Molecular Modeling Predicts That FMRP Binds to SARS-CoV-2 Positive and Negative Sense RNAs

Understanding how SARS-CoV-2 interferes with RNA-related posttranscriptional processes could identify novel therapies (Maranon et al., 2020). We utilized the catRAPID algorithm1 to predict RNA/protein interactions relevant to SARS-CoV-2 RNA (GenBank LR757995.1). This algorithm identifies potential interactions between protein and RNA molecules by combining the contributions of secondary structure, hydrogen binding and van der Waal’s forces to generate an interaction profile (Bellucci et al., 2011; Agostini et al., 2013; Cirillo et al., 2013). First, we utilized catRAPID omics to compute which RBP are predicted to bind to positive and negative sense SARS-CoV-2 RNAs. Top-ranked RBP included several splicing and heterogeneous nuclear ribonucleoproteins (Table 1). FMRP exhibited an average interaction strength of 0.30 (range 0–0.95) with an average star value of 2.58 (range 2.35–2.75) for positive sense SARS-CoV-2 RNA based on 242 predicted interactions where 57 of those interactions had an intensity ≥0.5, which is indicative of high specificity for the interaction.
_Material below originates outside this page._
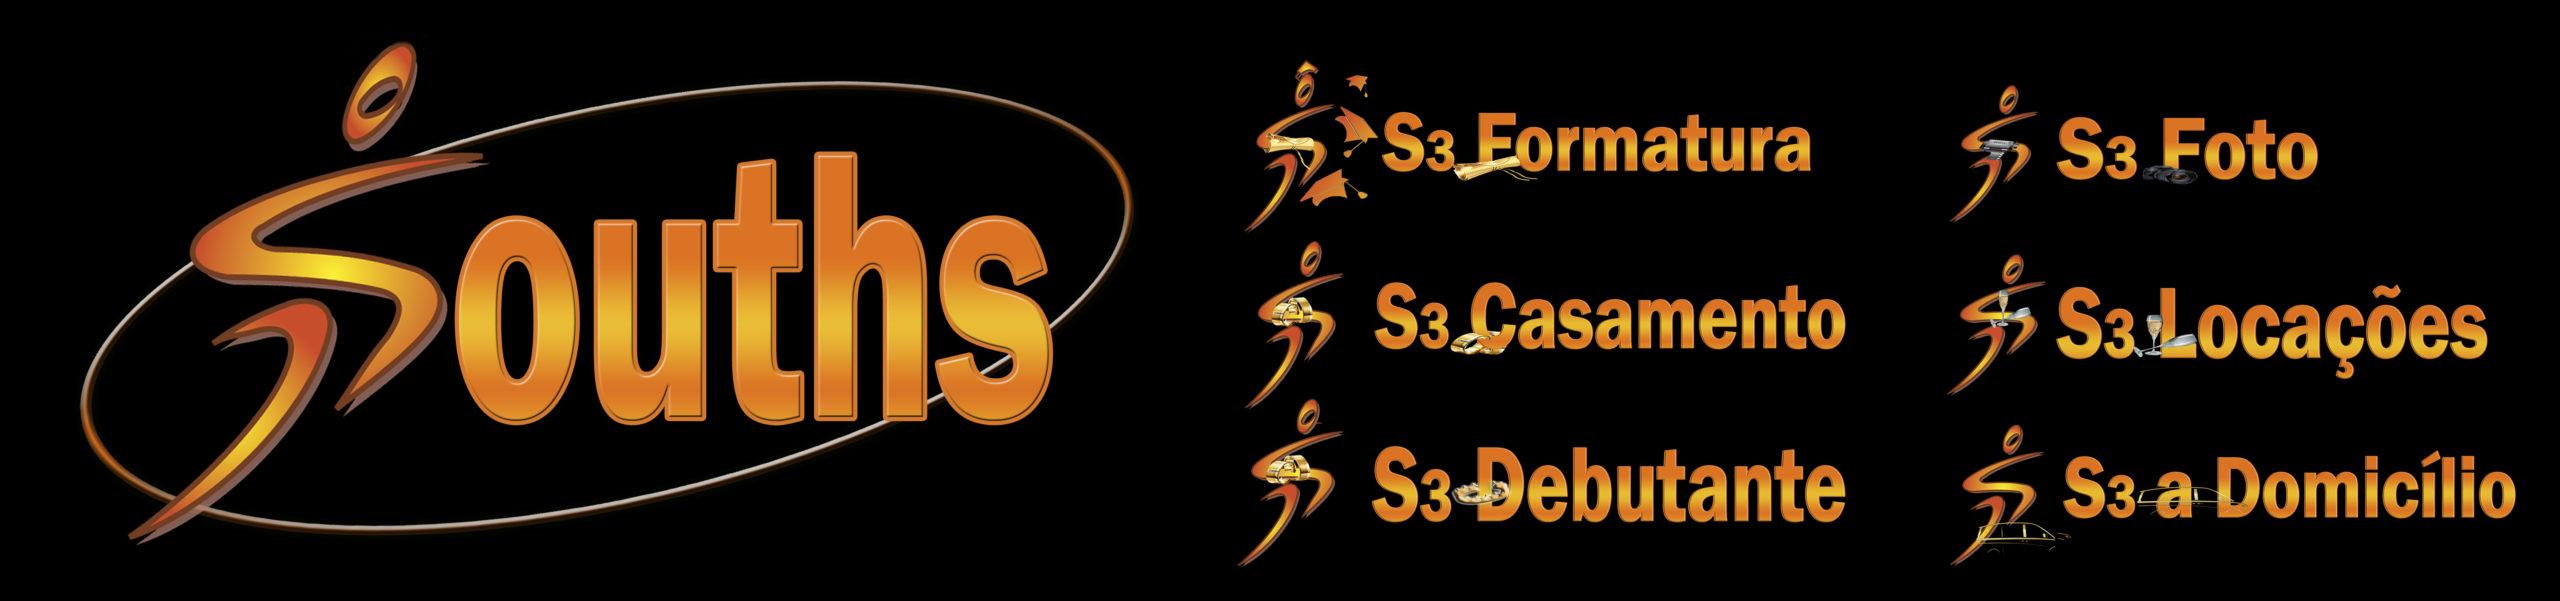 GRUPO SOUTHS: S3 Casamento, S3 Debutante, S3 Formatura, S3 Foto, S3 Locações e S3 á Domicílio.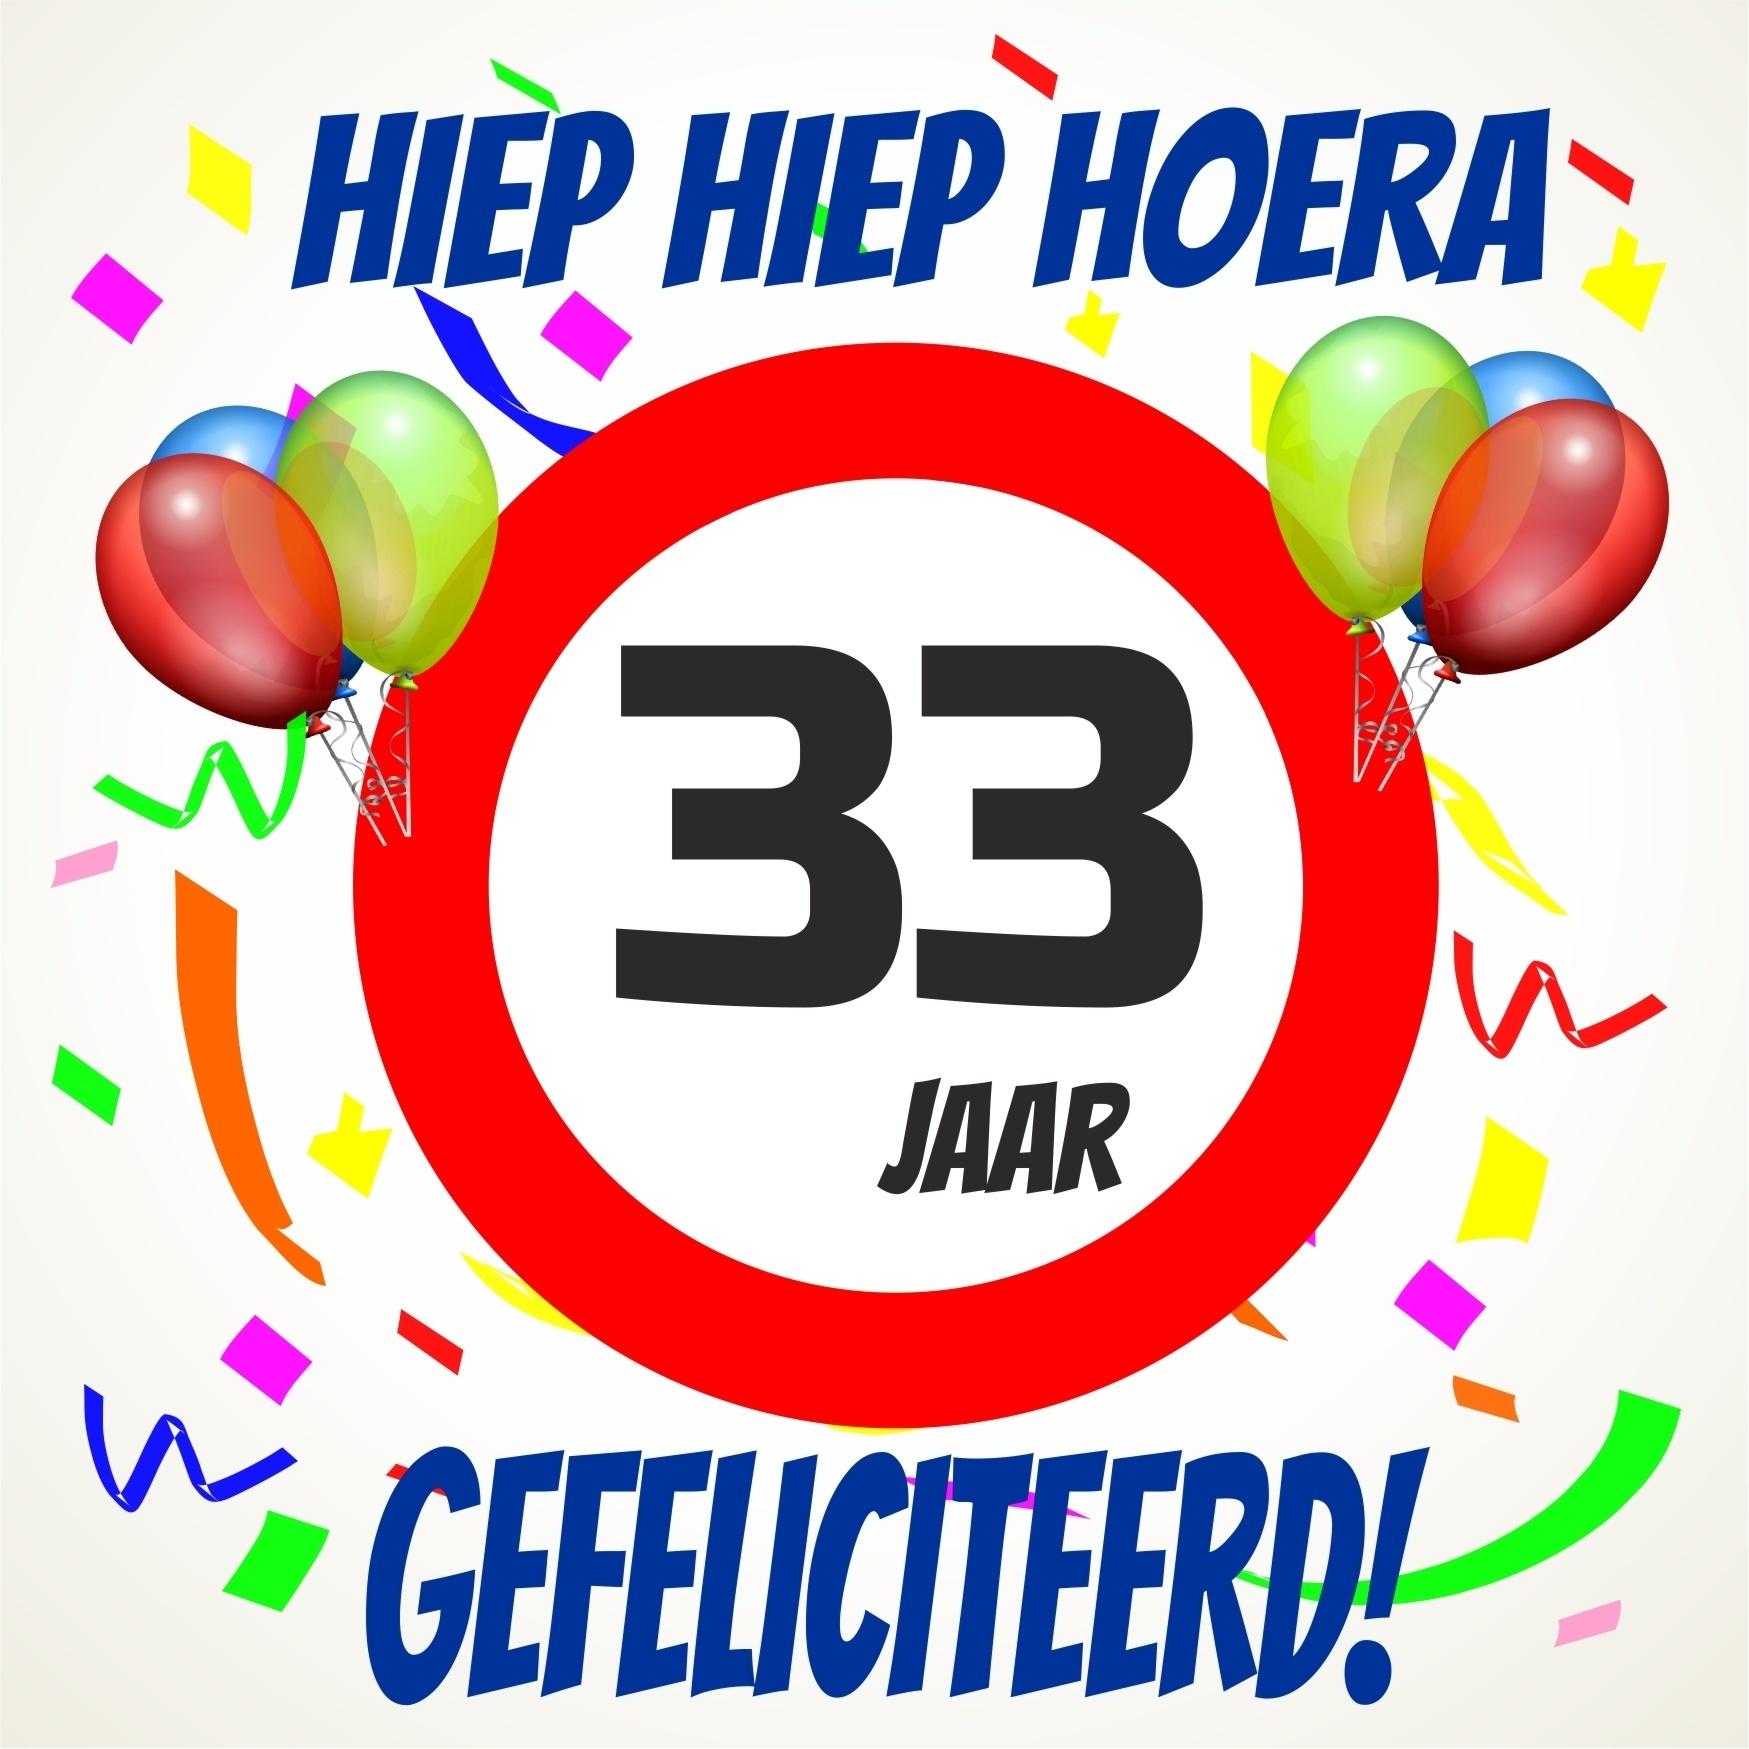 gefeliciteerd 33 jaar Gefeliciteerd Met Je 33 Jaar   ARCHIDEV gefeliciteerd 33 jaar

FMRP exhibited an average interaction strength of 0.27 (range 0–0.99) with an average star value of 2.54 (range 2.34–2.74) for negative sense SARS-CoV-2 RNA based on 42 predicted interactions where 8 interactions had an intensity ≥0.5. The interaction strength (enrichment with respect to random interactions) was computed using a reference set of 100 random protein and 100 random RNA sequences having the same lengths as the molecules under investigation, and the star rating system is a score representing the sum of the catRAPID normalized propensity, the presence of RNA/DNA binding domains and disordered regions, and the presence of known RNA-binding motifs with the range of 0–3 (Agostini et al., 2013; Cirillo et al., 2013).

TABLE 1.

Top catRAPID hits for RBP that bind to SARS-CoV-2 RNA.

Positive Strand
CSTF2 Cleavage stimulation factor subunit 2
ESRP2 Epithelial splicing regulatory protein 2
FUS RNA-binding protein FUS
SRSF3 Serine/arginine-rich splicing factor 3
SRSF4 Serine/arginine-rich splicing factor 4
SRSF5 Serine/arginine-rich splicing factor 5
SRS10 Serine/arginine-rich splicing factor 10
SSB Lupus La protein
YBX1 Y-box-binding protein 1
Negative Strand
ESRP2 Epithelial splicing regulatory protein 2
HNRNPF Heterogeneous nuclear ribonucleoprotein F
HNRNPH1 Heterogeneous nuclear ribonucleoprotein H
HNRNPH2 Heterogeneous nuclear ribonucleoprotein H2
QK1 Protein quaking
SFPQ Splicing factor, proline- and glutamine-rich
SRSF3 Serine/arginine-rich splicing factor 3
SRSF5 Serine/arginine-rich splicing factor 5
TIA1 Nucleolysin TIA-1 isoform p40
TRA2B Transformer-2 protein homolog beta

Second, we utilized catRAPID Global Score with uniform fragmentation to predict FMRP (GenBank AAH86957.1)/SARS-CoV-2 interactions. The Global Score predicts the overall interaction ability of a protein-RNA pair based on an algorithm trained on data generated by photoactivatable ribonucleoside-enhanced, high-throughput sequencing of RNA isolated by crosslinking and immunoprecipitation (PAR/HITS-CLIP) (Hafner et al., 2010). The Global Scores were 0.97 for positive sense and 0.84 for negative sense SARS-CoV-2 RNA and FMRP. The top 20 predicted interaction sites were between nucleotides 11,365–12,560 for both positive and negative sense SARS-CoV-2 RNA (interaction propensity range 279–417). Additional RNA fragments with the highest interaction propensities are listed in Table 2. The fragment of FMRP with the highest binding activity for both positive and negative sense SARS-CoV-2 RNA encompassed amino acids 311–362, which partially overlaps with a known KH RNA binding domain in FMRP (amino acids 283–325) (Siomi et al., 1994). Other FMRP protein regions with high predicted binding affinity for nucleotides 11,365–12,560 for both positive and negative sense SARS-CoV-2 RNA overlapped or partially overlapped with known Agenet (63–120) KH1 (221–280), KH2 (283–325), C-terminal (C1, 399–526), and C2 (504–586) domains as well as intervening FMRP protein sequences.

TABLE 2.

Top catRAPID hits of SARS-CoV-2 that bind to FMRP.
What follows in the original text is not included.